MoNaS

An automated pipeline to genotype mosquito's voltage-gated sodium channel genes using NGS data

Status: Version 2.0

About

MoNaS (Mosquito Na⁺ channel mutation Search) is an automated pipeline conducting genotyping of voltage-gated sodium channel (VGSC) in mosquitos from NGS reads. Basically, MoNaS is designed to utilize NGS data from genomic DNA such as targeted captured library (SureSelect, xGen probes for instance) or RNA/cDNA such as shotgun library of PCR amplified VGSC cDNA.

How To Use

Currently, we have confirmed MoNaS works in Linux OSs of both Ubuntu18 and CentOS6 & 7. Although we have not confirmed yet, this program may work in other Linux and Mac OSs.

Installation

We recommend creating a conda environment for MoNaS as follows

git clone  https://github.com/ItokawaK/MoNaS.git

cd MoNaS
conda create -n monas --file requirements.txt

conda activate monas
python setup.py install

MoNaS depends some third-party softwares below:

bwa
Hisat2
samtools
bcftools
freebayes
Optionally MUSCLE v3.8.31*

*Versions are those we are currently working on.

For manual installation, those softwares need to be callable through $PATH environment variable.

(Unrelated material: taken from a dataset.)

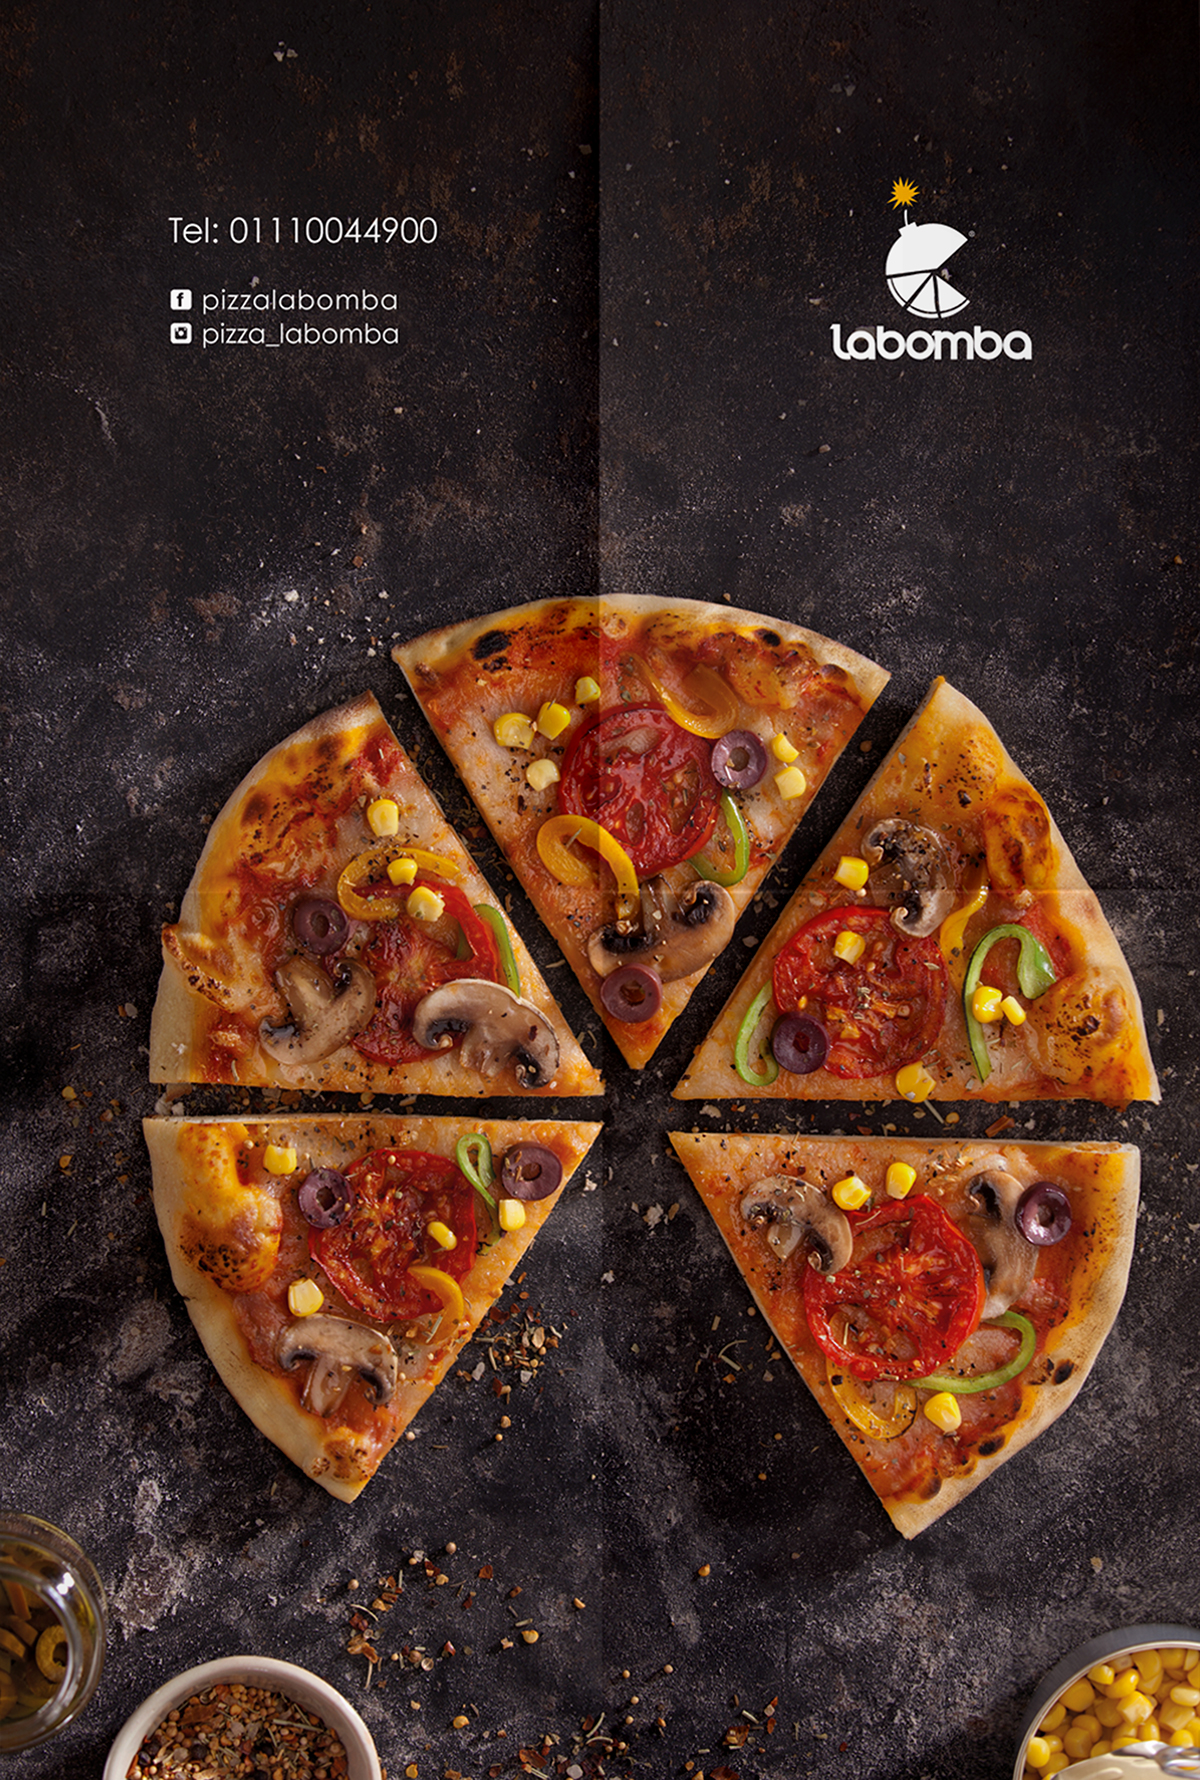 Pizza crust photo shoot vegeterian beef chicken pizzaria resturant social media posts uniform oven wood fire healthy

Additionally, you need biopython package installed in your python if you utilize some helper tools which automatically construct reference files or run genotype_sanger.py.

Genome references

MoNaS requires a reference genomic sequence in FASTA, and annotation for CDSs in BED and GFF3 files for VGSC gene of your species. Accurate genome and annotation information, of course, is the most vital part of this pipeline. By default, MoNas includes references of three species of mosquitos, Aedes aegypti (-s Aaeg), Aedes albopictus (-s Aalb) and Culex quinquefasciatus (-s Cpip). Because of the file size limitation hosted in GitHub, those references only include a part of the entire genome of each species which contain VGSC gene.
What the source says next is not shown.